The hypocrisy at work here is nose bleed inducing. While fighting (admirably we will admit noting that the adverb and Mayor Ford seldom go together in our writings) for complete transparency over how members of city council spend the good citizens’ money, the mayor doesn’t seem to see any inconsistency in his not fully reporting how he spends his. If he forks over his own cash to run his office or uses the photocopier at Deco Label and Tags for official city business, that’s nobody’s business but his own. The important point is that he’s not wasting taxpayers’ money. End of story.

Except that it’s not. At least, it shouldn’t be.

There are rules in place so that the public can see exactly how their municipal representatives are spending the money they are given. Rules that the mayor helped spearhead (again, admirably) and ones he’s spent just as much time trying to skirt. It would be one thing if he seemed to be aware of the unhealthy double standard he’s operating under but the truly disturbing aspect is he doesn’t. Mayor Ford appears to honestly believe that he’s doing a good and noble thing using his own finances as a public servant.

I can no longer engage in a debate with those who think that wealthy individuals financing their own campaign or their time in office is no big thing. It seems so self-evidently wrong to me that it is hardly worth the discussion. Just turn and face south and the shocking state of democracy in the United States to see what can happen when you encourage the well-to-do to buy their way into public office. Unsurprisingly, you get government that is by the rich, for the rich. Unregulated campaign financing and spending tends to attract the more undesirable elements of society.
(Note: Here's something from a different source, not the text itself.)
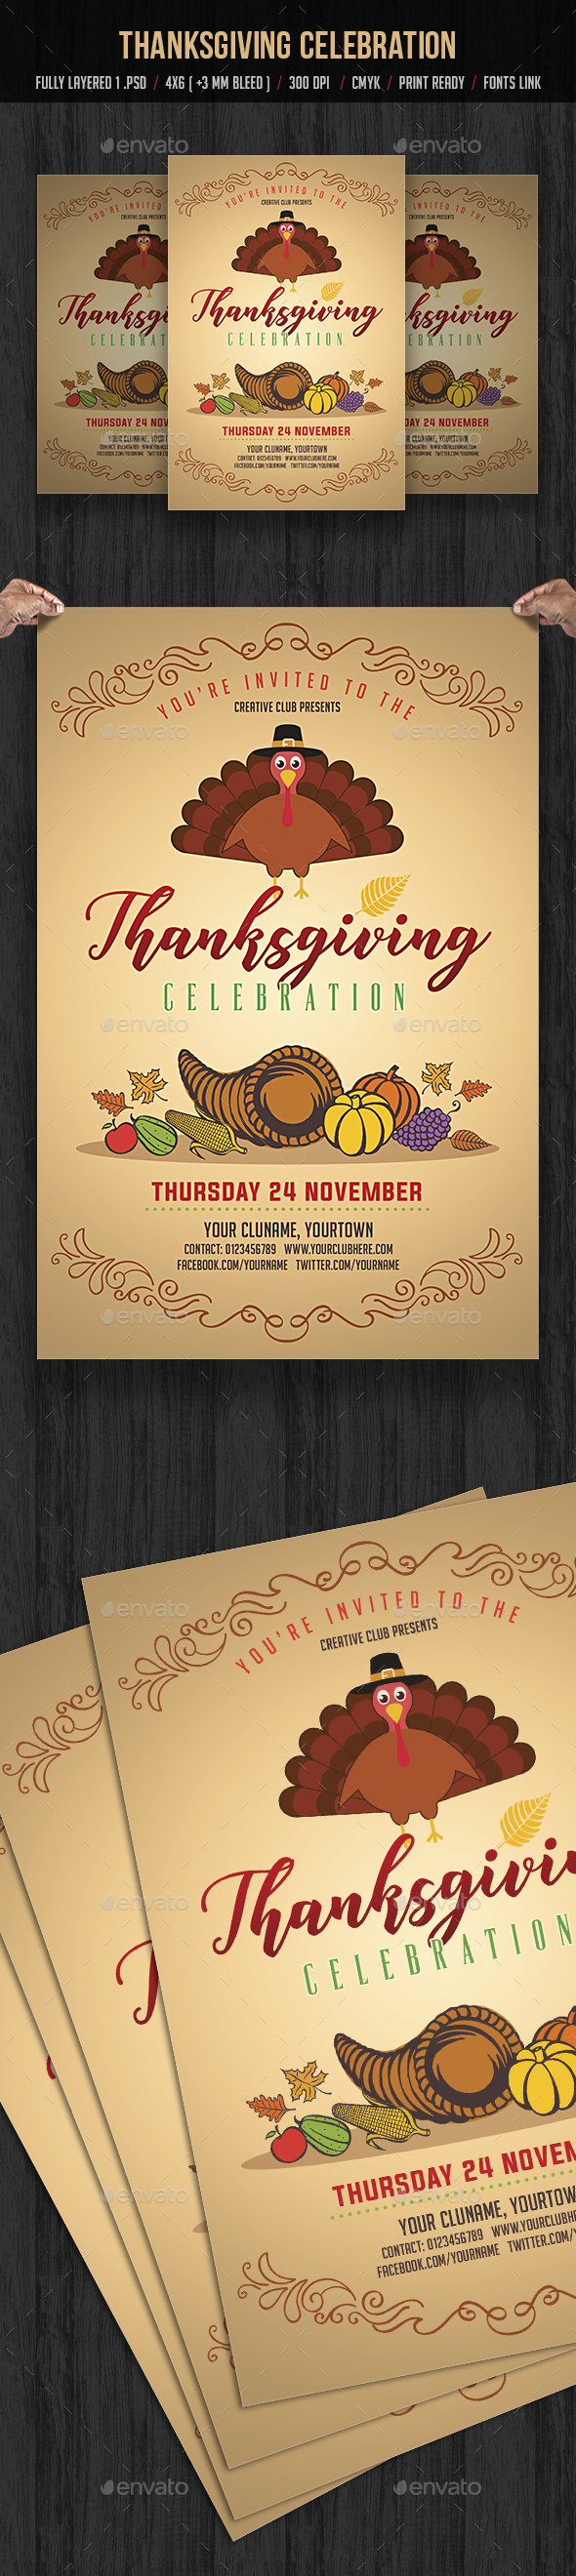 GraphicRiver Thanksgiving Celebration 20813513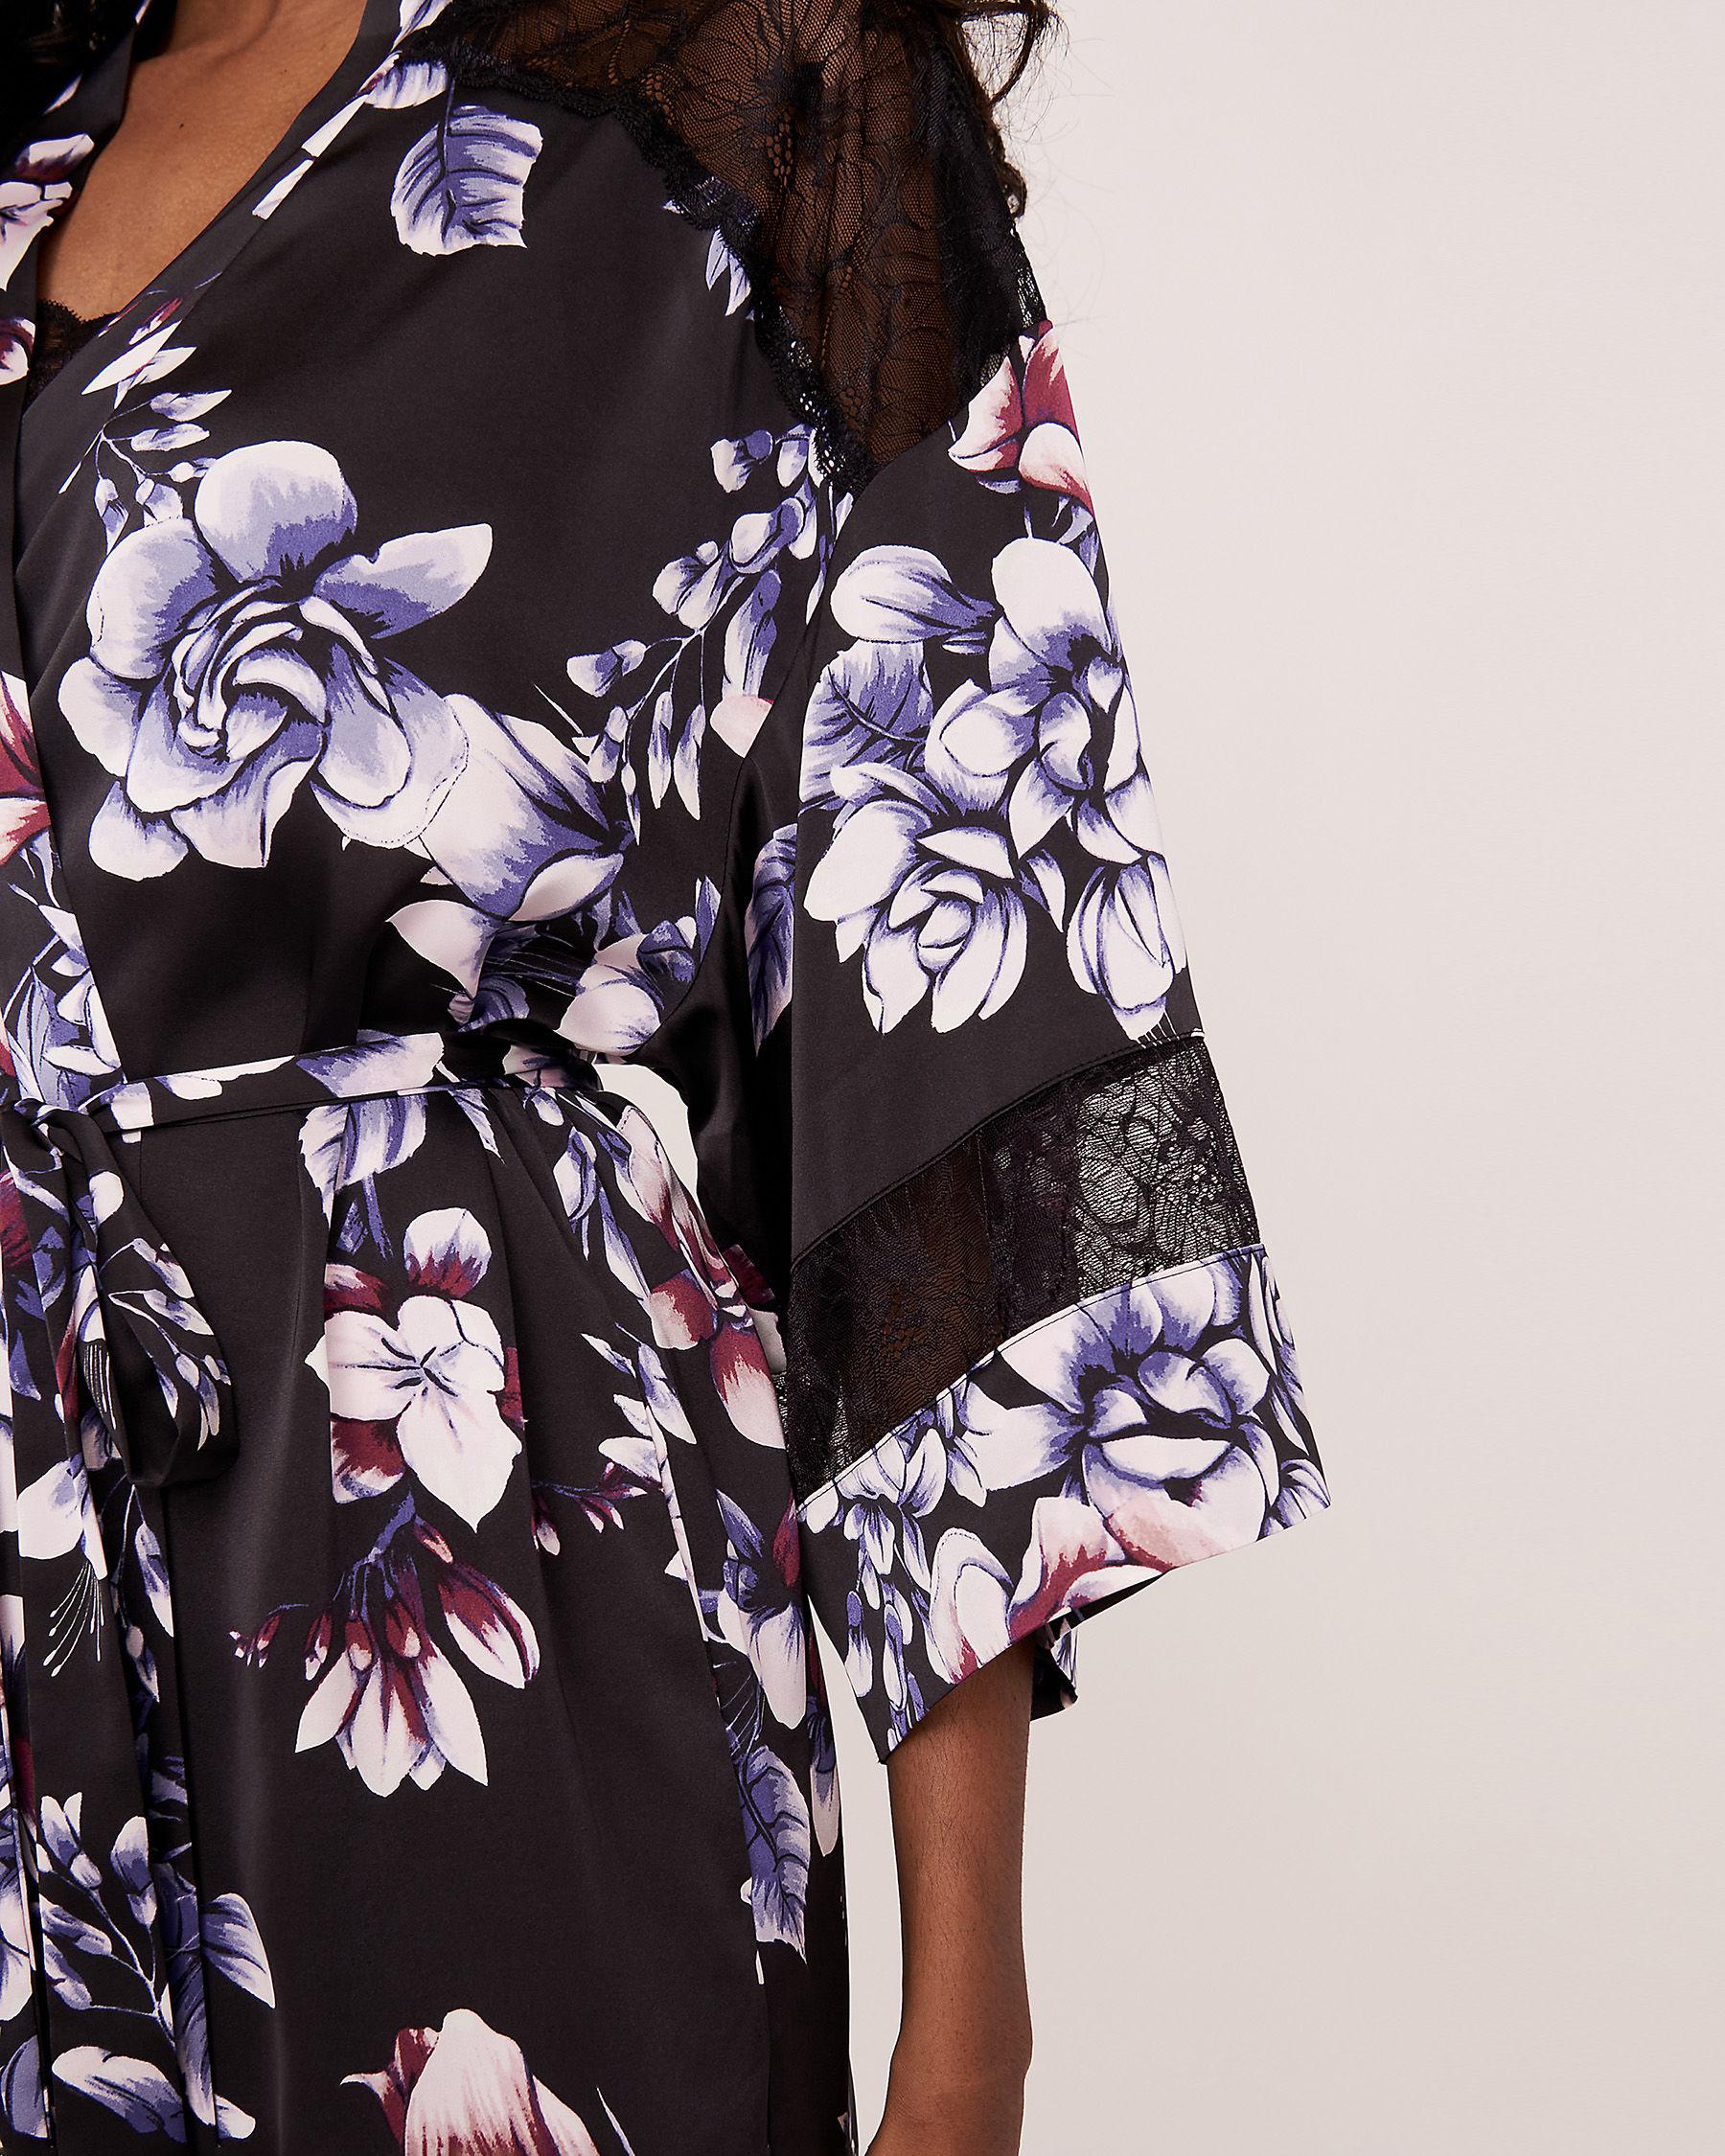 LA VIE EN ROSE Kimono en satin garniture de dentelle Fleurs aquarelles 60600007 - Voir4

The view Mayor Ford (along with his councillor brother, Doug) espouses about open and transparent expenses and spending for others while getting all hot and bothered when questions arise over theirs strikes me as equally indefensible. At the very least, let’s stop pretending this is an administration that can boast about transparency. An unwillingness to fully disclose either who or how the piper is being paid amounts to a full on attack of the fundamental principles of our democratic process. Even notorious fence-sitting councillors like Josh Matlow should be able to admit that.As a matter of fact, Councillor Matlow, there can be no more important reason why you came to City Hall.